Donc, à part le genre de choses qu’un invité ferait s’il était à la maison et aidait à vider le lave-vaisselle, nous n’effectuions pas les tâches ménagères de l’autre. Nous ne faisions pas la lessive pour l’autre. Nous ne prenions pas nos repas ensemble. Nous ne faisions pas les courses, le ménage ou l’entretien du terrain de l’autre [22] .

Je présume que la déclaration ci-dessus s’applique tant au temps passé ensemble qu’au temps passé séparément.

  • e) Repas : Mme Sookochoff a déclaré que, pendant le temps passé ensemble, elle et M. Gauthier sortaient généralement souper un vendredi soir sur deux. Bien qu’aucun élément de preuve n’ait été produit à ce sujet, ils auraient pu déjeuner ensemble, et peut-être même dîner ensemble le lendemain. Selon la déclaration précitée au sous-paragraphe d), il semble que, pendant le temps passé séparément, ils ne prenaient pas leurs repas ensemble.

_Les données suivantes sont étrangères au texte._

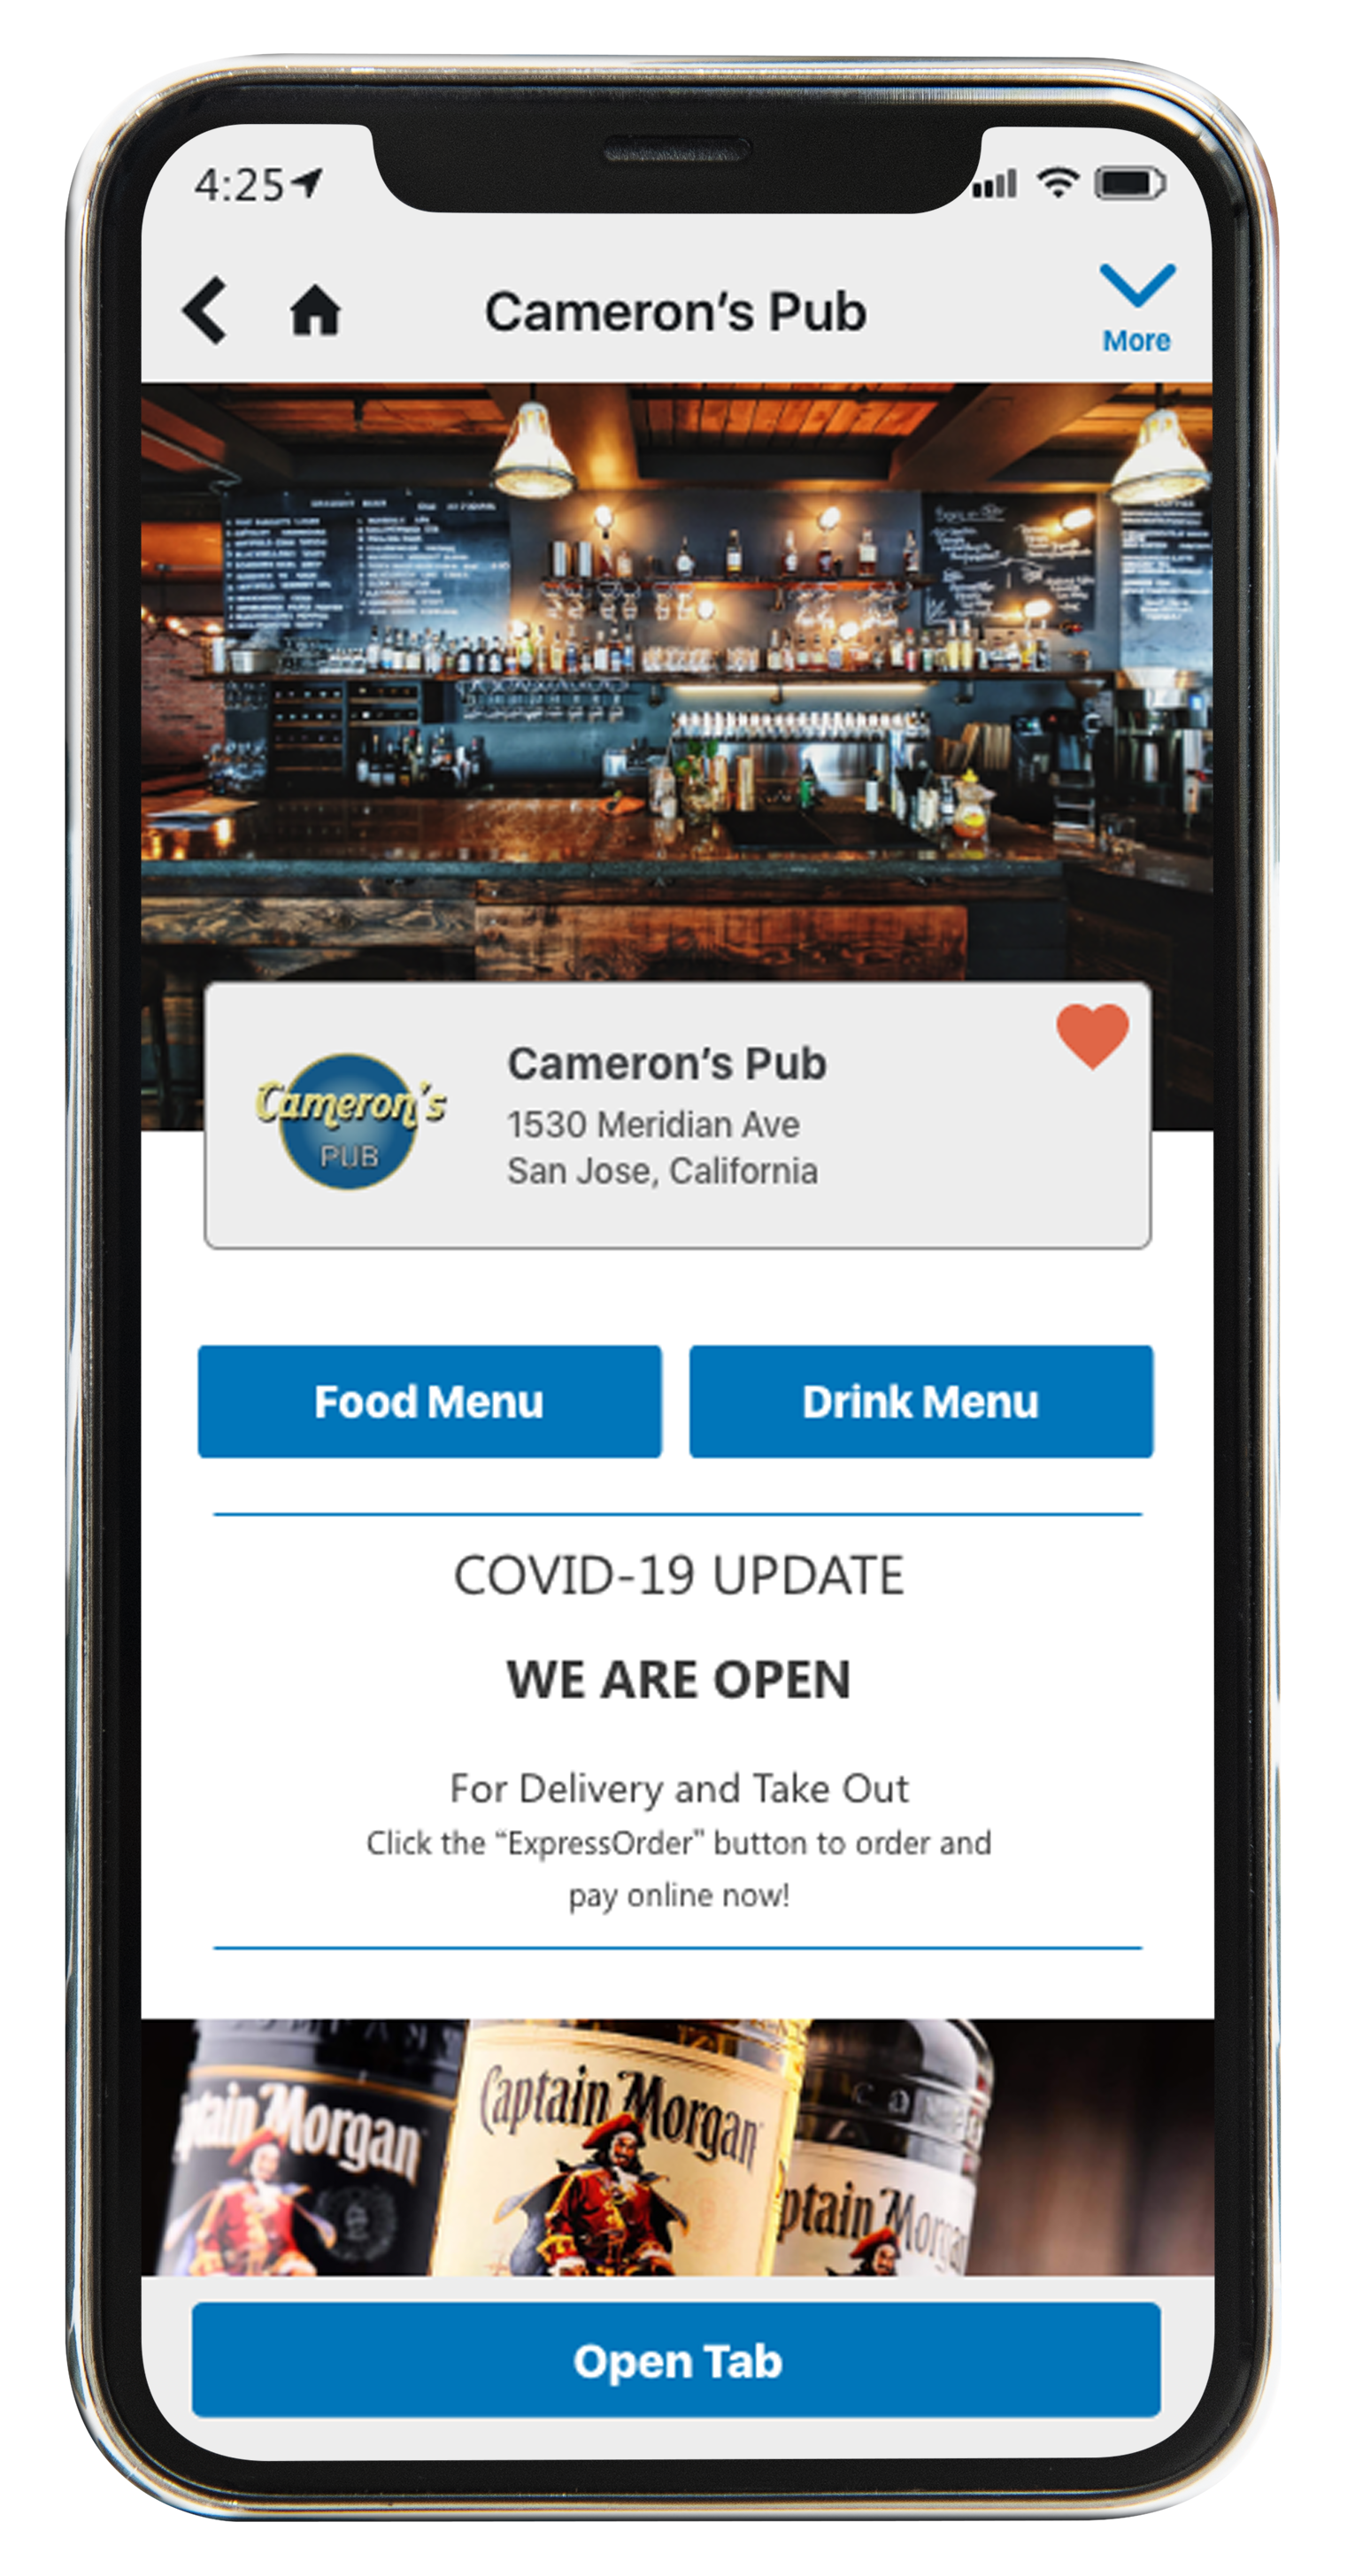 Cameron's Pub

  • f) Activités sociales : Dans son analyse des facteurs dégagés dans la décision Molodowich, Mme Sookochoff a reconnu que le facteur « activités sociales » révélait l’existence d’une relation conjugale/matrimoniale. De plus, ainsi qu’il a été indiqué précédemment, au cours des vendredis soirs sur deux qu’ils passaient ensemble, Mme Sookochoff et M. Gauthier sortaient régulièrement pour souper et aller au cinéma, faisaient de la musique ou encore Mme Sookochoff accompagnait M. Gauthier à l’endroit où lui et son groupe se produisaient. Ils allaient également ensemble aux cérémonies de remise de diplômes à l’école où M. Gauthier enseignait, et ils assistaient ensemble aux fêtes de Noël du personnel. En août 2017, Mme Sookochoff et M. Gauthier ont assisté au mariage de la sœur de M. Gauthier, à Canmore, et ont chanté ensemble à cette occasion. En outre, M. Gauthier a accompagné Mme Sookochoff aux funérailles de son père [23] . Toutefois, en raison de la dynamique de la famille reconstituée composée de leurs enfants respectifs, Mme Sookochoff et M. Gauthier n’étaient pas ensemble à Noël, à l’Action de grâces ou lors des autres grandes fêtes [24] .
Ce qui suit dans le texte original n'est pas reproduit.